Although considered less ‘seedy’ than some addictions, being addicted to prescription painkillers can be as hard to stop as illegal drug addiction. And whilst the motives for using them initially differ from illegal drug abuse, the end results are exactly the same. Opiods giving euphoric side effects and some painkillers inducing relaxation will eventually lead to reliance then tolerance, a key sign of addiction.

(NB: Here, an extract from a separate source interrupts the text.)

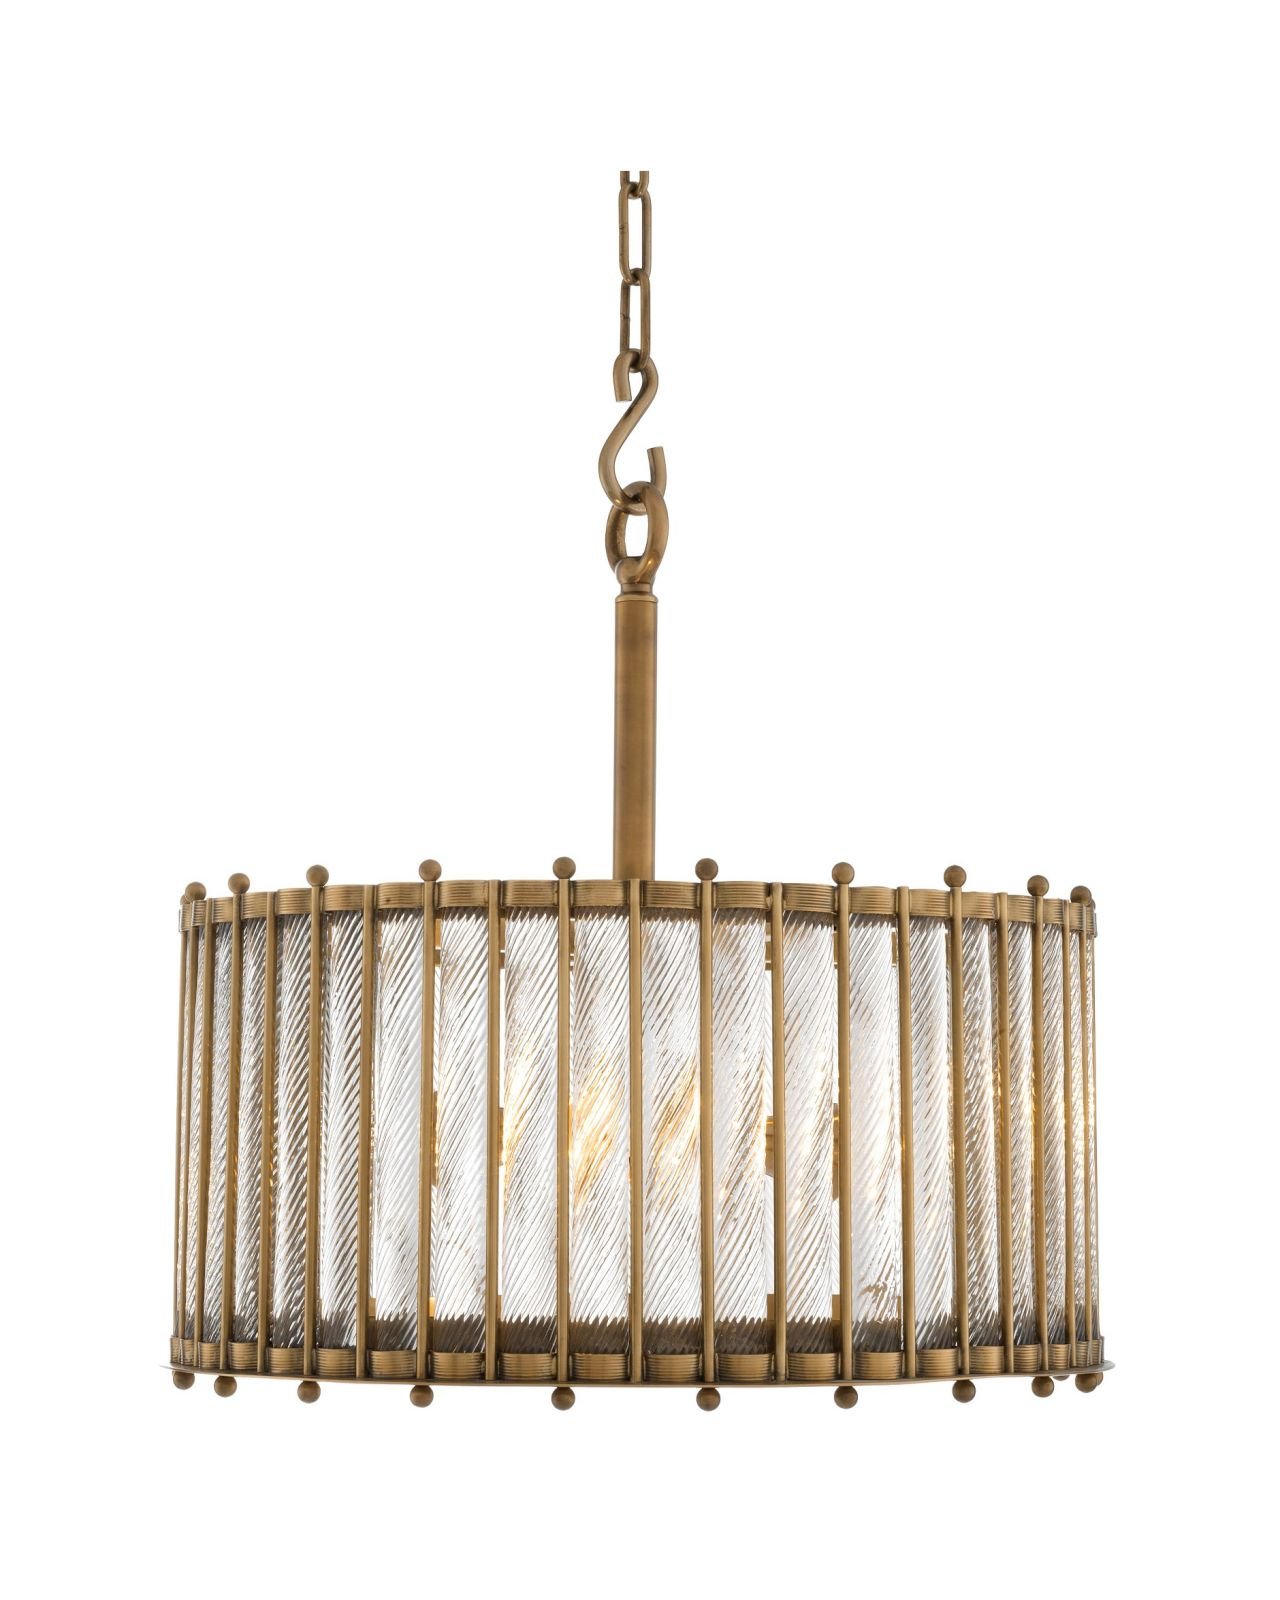 Tiziano Single Ceiling Lamp

Not everyone who takes painkillers will become addicted, and not all prescription painkillers are habit forming. Most SSRIs (Selective Serotonin Reuptake Inhibitors) have very little abuse potential but can produce disturbing withdrawal symptoms. Opiods on the other hand can be habit forming. Here are some reasons why painkiller addiction or overuse can happen.

Pain Numbing

Narcotic painkillers make pain control simple. Take a pill and soon the pain diminishes or disappears. Because they work well with minimum effort they become the first choice for pain management for many people. Other methods of pain control may be left unexplored causing some sufferers to take painkillers more often than is safe or necessary.

Pleasurable Effects

Opiods can induce euphoria, similar to the pleasure attained after physical excitement or success but with the added bonus of no effort being involved. And as the pain has often been caused by some kind of trauma or unpleasant accident, these euphoric feelings can be quite pleasantly surprising. It is understandable that a sufferer will seek to repeat these delightful feelings but unfortunately this is one of the trademarks of addiction.

Emotional Distancing

Many people taking painkillers will notice a distancing from emotional pain as well as the effect on physical pain. As people who are suffering physically are often more vulnerable emotionally, the attraction of a pill that can “make things go away” increases to the point of dependency.

Increased Tolerance

Opiods can quickly cause physical tolerance with higher doses of the drug being required to produce the same effect. Psychological tolerance is also created as desensitisation to the effects of the drug occurs. Tolerance is one of the main signs that addiction is developing.

Legal Drugs

Painkillers are dispensed legally and many doctors will readily prescribe them if the individual has no previous record of addiction or drug abuse. Even though some legal drugs are chemically similar to illicit drugs like heroin, the fact that they are dispensed by a professional and encouraged by advertising leads people to believe they are safe. So those who would not normally consider taking addictive or illegal drugs are lulled into believing that dependency won’t become an issue with prescribed drugs.

Stigma Creating

Over time, an opiate painkiller addiction will require a constant level of the drug in the bloodstream to avoid withdrawal. This is the point where doctors may begin to become reluctant to prescribe more drugs and many addicts will then look elsewhere to find a ‘fix.’ This can result in a door opening into the life of illicit drug taking.

The signs of potential addiction are easy to see. If in any doubt about dependency, individuals should immediately seek medical help.